■ Stored entries
———
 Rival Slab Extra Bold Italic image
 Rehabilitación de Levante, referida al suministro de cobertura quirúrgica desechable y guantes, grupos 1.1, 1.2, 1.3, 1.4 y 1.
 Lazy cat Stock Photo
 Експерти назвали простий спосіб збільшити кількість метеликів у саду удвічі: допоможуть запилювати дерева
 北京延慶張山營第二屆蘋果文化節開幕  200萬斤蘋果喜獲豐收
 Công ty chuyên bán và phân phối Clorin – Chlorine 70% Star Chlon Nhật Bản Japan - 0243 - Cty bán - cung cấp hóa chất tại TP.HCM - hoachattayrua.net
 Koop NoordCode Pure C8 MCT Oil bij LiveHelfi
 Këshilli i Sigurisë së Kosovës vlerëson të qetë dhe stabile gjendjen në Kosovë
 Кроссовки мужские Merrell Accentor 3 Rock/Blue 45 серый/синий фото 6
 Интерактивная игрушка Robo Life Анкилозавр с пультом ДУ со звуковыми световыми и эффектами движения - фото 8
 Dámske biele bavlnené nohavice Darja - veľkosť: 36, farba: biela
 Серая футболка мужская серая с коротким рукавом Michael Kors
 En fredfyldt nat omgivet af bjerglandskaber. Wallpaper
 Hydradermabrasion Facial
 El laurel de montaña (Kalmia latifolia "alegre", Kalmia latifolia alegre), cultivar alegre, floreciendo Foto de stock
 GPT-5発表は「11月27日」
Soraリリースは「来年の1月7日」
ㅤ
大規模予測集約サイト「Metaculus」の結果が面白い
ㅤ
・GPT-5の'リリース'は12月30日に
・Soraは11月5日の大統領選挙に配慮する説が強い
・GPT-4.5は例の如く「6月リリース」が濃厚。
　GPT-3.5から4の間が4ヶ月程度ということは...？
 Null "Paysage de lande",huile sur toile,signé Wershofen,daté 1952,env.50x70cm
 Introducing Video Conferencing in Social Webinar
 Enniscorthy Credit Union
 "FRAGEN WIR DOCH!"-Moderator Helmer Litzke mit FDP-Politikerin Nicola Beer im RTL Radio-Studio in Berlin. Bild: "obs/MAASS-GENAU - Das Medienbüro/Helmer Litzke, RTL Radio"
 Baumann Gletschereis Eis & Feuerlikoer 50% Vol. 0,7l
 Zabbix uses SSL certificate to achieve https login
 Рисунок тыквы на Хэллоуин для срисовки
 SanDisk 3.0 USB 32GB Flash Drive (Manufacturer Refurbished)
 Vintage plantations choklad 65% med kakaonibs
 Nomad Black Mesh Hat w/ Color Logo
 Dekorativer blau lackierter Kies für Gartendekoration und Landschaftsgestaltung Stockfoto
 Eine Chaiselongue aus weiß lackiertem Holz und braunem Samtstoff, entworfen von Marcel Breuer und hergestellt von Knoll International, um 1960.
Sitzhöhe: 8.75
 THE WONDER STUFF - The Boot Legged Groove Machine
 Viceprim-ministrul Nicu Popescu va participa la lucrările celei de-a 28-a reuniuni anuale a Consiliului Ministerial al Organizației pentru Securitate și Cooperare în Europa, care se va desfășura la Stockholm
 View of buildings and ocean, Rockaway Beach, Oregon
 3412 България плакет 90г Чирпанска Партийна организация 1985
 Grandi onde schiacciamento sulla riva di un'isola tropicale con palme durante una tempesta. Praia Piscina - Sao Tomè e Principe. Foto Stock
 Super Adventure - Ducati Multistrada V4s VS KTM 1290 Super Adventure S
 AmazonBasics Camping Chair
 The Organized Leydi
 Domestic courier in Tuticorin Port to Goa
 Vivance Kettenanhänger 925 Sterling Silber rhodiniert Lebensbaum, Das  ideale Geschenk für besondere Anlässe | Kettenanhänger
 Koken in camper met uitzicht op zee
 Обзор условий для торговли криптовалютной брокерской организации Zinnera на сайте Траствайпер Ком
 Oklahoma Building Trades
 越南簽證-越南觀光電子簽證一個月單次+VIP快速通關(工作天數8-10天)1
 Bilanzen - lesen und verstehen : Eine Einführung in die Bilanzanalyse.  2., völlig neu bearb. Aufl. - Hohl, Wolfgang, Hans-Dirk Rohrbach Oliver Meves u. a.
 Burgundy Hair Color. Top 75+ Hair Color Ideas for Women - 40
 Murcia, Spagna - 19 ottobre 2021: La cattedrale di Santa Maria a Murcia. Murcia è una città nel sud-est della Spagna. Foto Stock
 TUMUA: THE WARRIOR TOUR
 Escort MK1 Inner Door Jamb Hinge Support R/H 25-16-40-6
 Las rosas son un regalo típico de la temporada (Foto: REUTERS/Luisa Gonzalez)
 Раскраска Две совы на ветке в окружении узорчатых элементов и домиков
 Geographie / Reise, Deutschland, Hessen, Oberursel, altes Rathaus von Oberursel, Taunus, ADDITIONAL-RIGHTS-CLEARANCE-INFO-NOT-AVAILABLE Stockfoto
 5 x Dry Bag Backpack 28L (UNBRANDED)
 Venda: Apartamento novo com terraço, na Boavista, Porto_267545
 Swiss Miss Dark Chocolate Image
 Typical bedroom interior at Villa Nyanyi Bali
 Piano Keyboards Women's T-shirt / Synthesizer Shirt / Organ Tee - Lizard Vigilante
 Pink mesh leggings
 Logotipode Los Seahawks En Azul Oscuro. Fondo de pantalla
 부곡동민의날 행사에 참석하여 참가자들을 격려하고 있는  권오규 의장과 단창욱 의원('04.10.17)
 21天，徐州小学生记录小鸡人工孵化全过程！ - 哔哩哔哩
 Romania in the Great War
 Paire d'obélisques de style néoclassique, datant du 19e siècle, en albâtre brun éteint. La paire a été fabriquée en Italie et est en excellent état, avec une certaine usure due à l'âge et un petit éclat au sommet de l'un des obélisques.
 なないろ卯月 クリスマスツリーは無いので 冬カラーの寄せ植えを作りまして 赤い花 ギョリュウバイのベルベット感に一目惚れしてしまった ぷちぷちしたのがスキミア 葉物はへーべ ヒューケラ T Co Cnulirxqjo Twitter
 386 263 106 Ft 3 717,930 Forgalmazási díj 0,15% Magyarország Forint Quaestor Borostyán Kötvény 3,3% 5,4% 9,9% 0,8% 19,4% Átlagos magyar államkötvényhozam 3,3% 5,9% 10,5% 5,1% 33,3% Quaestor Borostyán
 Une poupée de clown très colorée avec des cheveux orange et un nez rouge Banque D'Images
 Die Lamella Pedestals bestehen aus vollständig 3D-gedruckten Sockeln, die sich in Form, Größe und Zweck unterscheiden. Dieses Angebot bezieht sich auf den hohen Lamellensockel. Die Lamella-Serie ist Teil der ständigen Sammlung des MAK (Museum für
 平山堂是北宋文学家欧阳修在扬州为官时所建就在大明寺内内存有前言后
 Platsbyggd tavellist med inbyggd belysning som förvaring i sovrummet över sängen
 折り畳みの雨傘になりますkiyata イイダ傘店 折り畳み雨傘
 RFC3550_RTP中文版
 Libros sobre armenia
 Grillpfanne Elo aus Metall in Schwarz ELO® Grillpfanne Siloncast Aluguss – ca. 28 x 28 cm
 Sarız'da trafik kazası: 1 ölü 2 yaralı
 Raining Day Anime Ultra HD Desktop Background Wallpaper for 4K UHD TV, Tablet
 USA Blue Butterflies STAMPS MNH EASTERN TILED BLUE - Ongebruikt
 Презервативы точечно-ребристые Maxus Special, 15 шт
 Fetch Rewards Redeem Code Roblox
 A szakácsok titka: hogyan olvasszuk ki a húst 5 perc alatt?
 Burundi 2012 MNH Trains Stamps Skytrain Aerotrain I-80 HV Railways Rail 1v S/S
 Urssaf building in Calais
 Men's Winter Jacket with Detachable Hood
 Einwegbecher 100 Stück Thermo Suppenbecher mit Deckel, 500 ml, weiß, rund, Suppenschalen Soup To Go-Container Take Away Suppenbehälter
———
■ Exercise directions
Reproduce the entries exactly, but only from their first line to the line holding "Експерти назвали простий", with that last line kept.

■ Answer area
 Rival Slab Extra Bold Italic image
 Rehabilitación de Levante, referida al suministro de cobertura quirúrgica desechable y guantes, grupos 1.1, 1.2, 1.3, 1.4 y 1.
 Lazy cat Stock Photo
 Експерти назвали простий спосіб збільшити кількість метеликів у саду удвічі: допоможуть запилювати дерева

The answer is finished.